Sometimes the problem is bigger than positioning. A $15M ARR company leading a small ($100M) category discovered that even doubling market share wouldn't satisfy growth mandates. The question wasn't "how do we improve messaging?" – it was "where else can this product play?"

Two options: embrace fragmentation (hundreds of micro-campaigns for different verticals – slow and resource-intensive) or invade a bigger market (knowledge management, clinical documentation, sales enablement – but that means new product, new buyer, new competitors, new PMF).

At some point, the conversation stops being about messaging and becomes about ambition. Is this a profitable leader in a small category, or a company willing to mutate the product to earn a seat in a larger one? That's a founder decision.

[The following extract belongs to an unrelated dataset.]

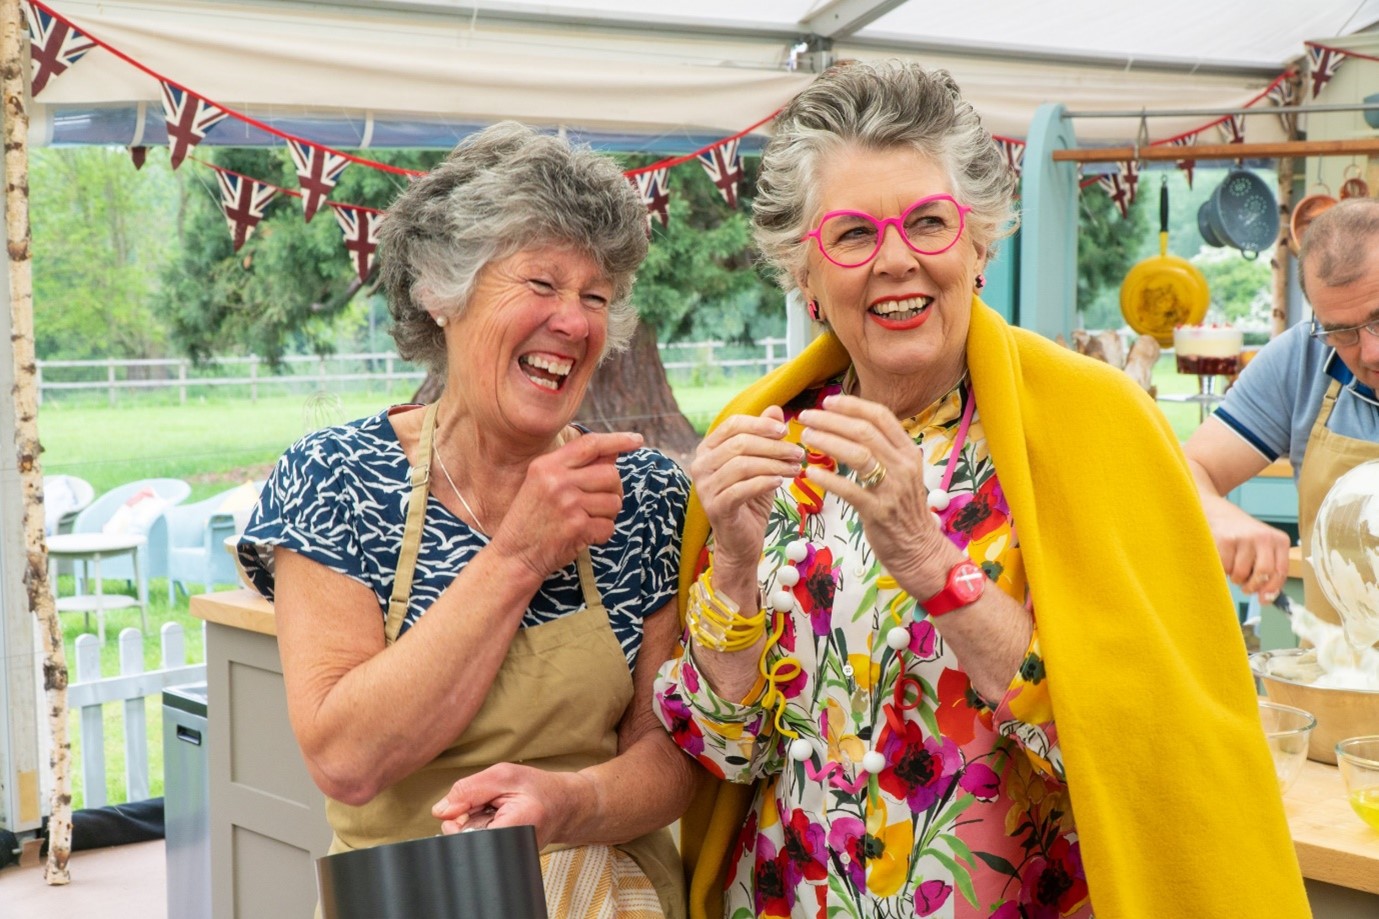 Prue Leith Net Worth: With lookalike contestant Maggie.

Summary: Decision Sequence

  1. Identify market maturity. M1 (immature), M2 (emerging), or M3 (mature)? Use the diagnostic: does the homepage answer "which tool does this replace?" (M3) or "which tasks does this help with?" (M1/M2)?
  2. Choose category strategy. Position inside an existing category, or anchor to a job-to-be-done?
  3. Select GTM type. Start as focused as possible. Vertical GTM dominates a segment; that dominance becomes the wedge to expand.
  4. Build use-case-based segments. Firmographics alone miss the point. Segment by workflows, needs, or category usage.
  5. Pick a winnable first market. Dominate a small segment first. Use momentum to expand.
  6. Match execution to strategy. Broad positioning requires broad execution capacity. If the team can't fund the campaign engine, narrow the strategy.